Lady looked up and smiled sweetly at her mate. “The miracle of cloning, Max.”
“Yeah, cloning is all the rage. We made our debut in 1955 and we’ve been going strong ever since. Isn’t that right, sweetie-pie?”
“Absolutely, honey bunch.”
“You hear that, Brutus? They sound exactly like us,” said Harriet.
“They sure do, sugar plum,” said Brutus, but he was too busy eating to say more.
“We did Lady and the Tramp II,” said Lady.
“Straight to video,” said Tramp.
“And then of course the live-action movie,” said Lady. “We’re very proud of that one.”
“We’re doing the sequel now,” said Tramp.
“We make a pretty good living.”
“Yeah, can’t complain,” said Tramp, and sucked in a string of pasta. As luck would have it, Lady was sucking in the same pasta string, only from the other side. When they met in the middle, they kissed—just like in the movie!

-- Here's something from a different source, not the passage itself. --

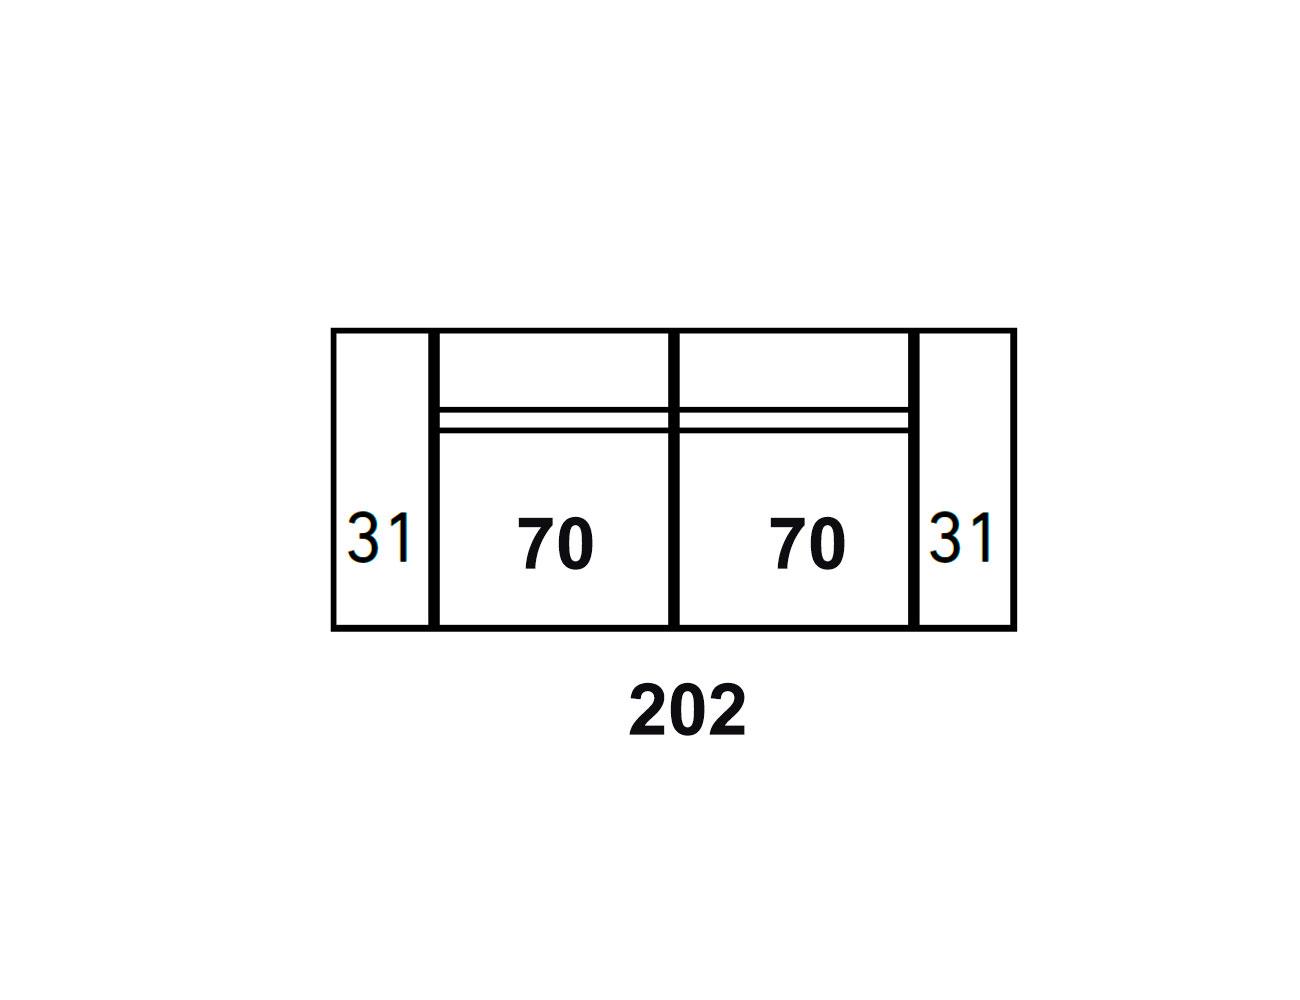 Croquis 202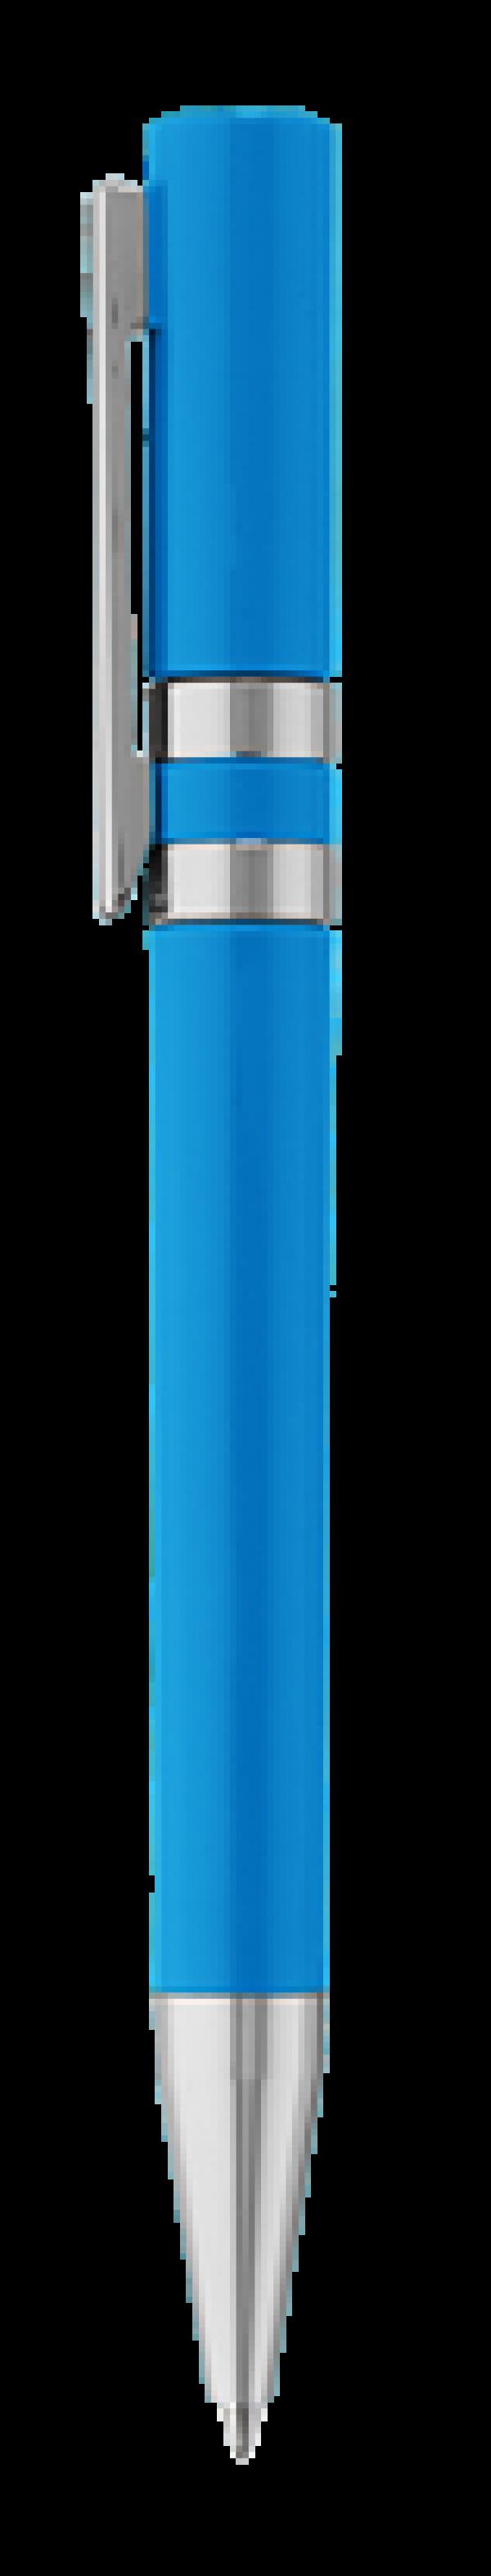 Шариковая ручка b 0-0045 SI RINGO

And as I picked out a meatball myself, I thought what a strange place this Hollywood was, and suddenly I was starting to feel homesick. This was a lot of fun, meeting stars like Lady and Tramp, but I was missing my friends. Kingman and Shanille and Clarice… They might not have been cloned or Botoxed or primped and tucked and pampered, but they were real. And they were my buddies.
Hampton Cove was suddenly starting to look really good.
Chapter 28
Inside the restaurant, the atmosphere was downcast, which was hardly a surprise, as one of the members of the party had been discharged from hospital only hours before, and didn’t exactly look hot to trot.
“You should go home,” said Marilyn. “You look like death warmed up.”
“Thanks for the compliment,” said Opal.
“No, Marilyn is right,” said her boyfriend. “You don’t look so well, darling. Maybe we should call it a night. Get a good night’s sleep.”
“I’m not going to give whoever did this the satisfaction,” said Opal stubbornly. “I was looking forward to tonight and I’m going to enjoy my meal and so are all of you. So shut up and eat.”
Odelia thought Harlan and Marilyn were right. Opal’s face was still swollen, especially her lips, which resembled those of a blowfish. It was hard to imagine how she managed to get down any of the food she was eating, considering the Botox allergy had closed up her throat and she clearly still had trouble swallowing.